Hard drives fail all the time. In fact, all hard drives fail eventually. It may be years from now or it could be tomorrow. It doesn’t matter whether they’re cheap or expensive, SSD or HDD, they all fail.

Even if you use a RAID system or you have copies of your photos on multiple hard drives, they’re still at risk. What would happen in the case of a natural disaster or fire in your home or office? What about a burglary? Thieves love shiny electronic things.

The 3-2-1 Photo Backup System

Physical hard drives are a great way to backup your photos, so I’m not suggesting you don’t use them. I’m suggesting you adopt a 3-2-1 photo backup strategy. It’s pretty simple.

  • Keep 3 copies of all your files.
  • Keep 2 copies on local hard drives.
  • Keep 1 copy offsite.

This could look like having one copy of your photos on your computer, one copy on an external hard drive, and one on another hard drive stored at another location.

The weakness of this plan is that it requires you to regularly pick up your offsite drive, take it to your computer, backup your new files, then return it to its offsite location. It’s not going to happen.

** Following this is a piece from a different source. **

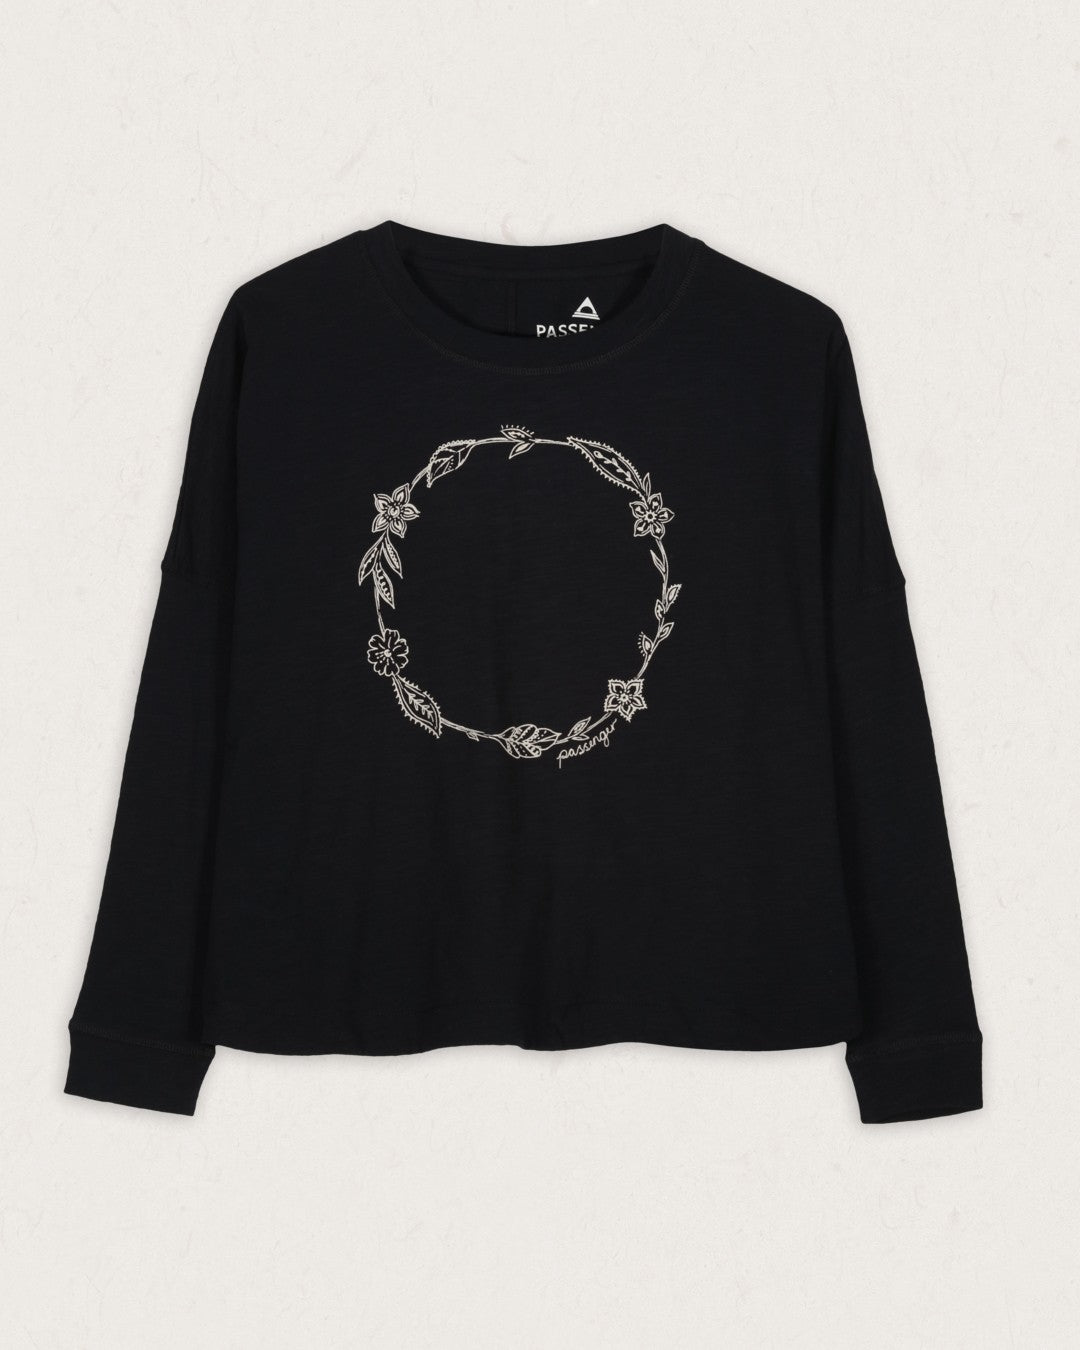 Daisy Chain Recycled Cotton Ls T-Shirt - Black

This is why you’re better off keeping your offsite backups online. You don’t need to worry about moving hard drives from one physical location to another and you can backup your photos anytime you’re online.

Free vs Paid

As with everything online, there are two options: go the free route and get something good or pay and get something better. You’re likely already using at least one of the many free cloud storage services available like Dropbox. Your devices would have come with storage services like iCloud or Google Drive pre-installed.

These free services are great for backing up the files and photos on your devices. They’re also pretty good for backing up and sharing files on your computer. They’re not without their limitations, though.

The most obvious limitation being storage capacity. The free plans from these cloud services give you between 2GB and 15GB. There is a way to use Google Photos so you can free up space on your phone without deleting photos. Other than this, free cloud storage will never offer enough space for photographers.

Setting up automatic backups with these free services is either complicated or completely impossible. If your backup system isn’t automated, it will either happen irregularly or not at all. You want set-and-forget backups.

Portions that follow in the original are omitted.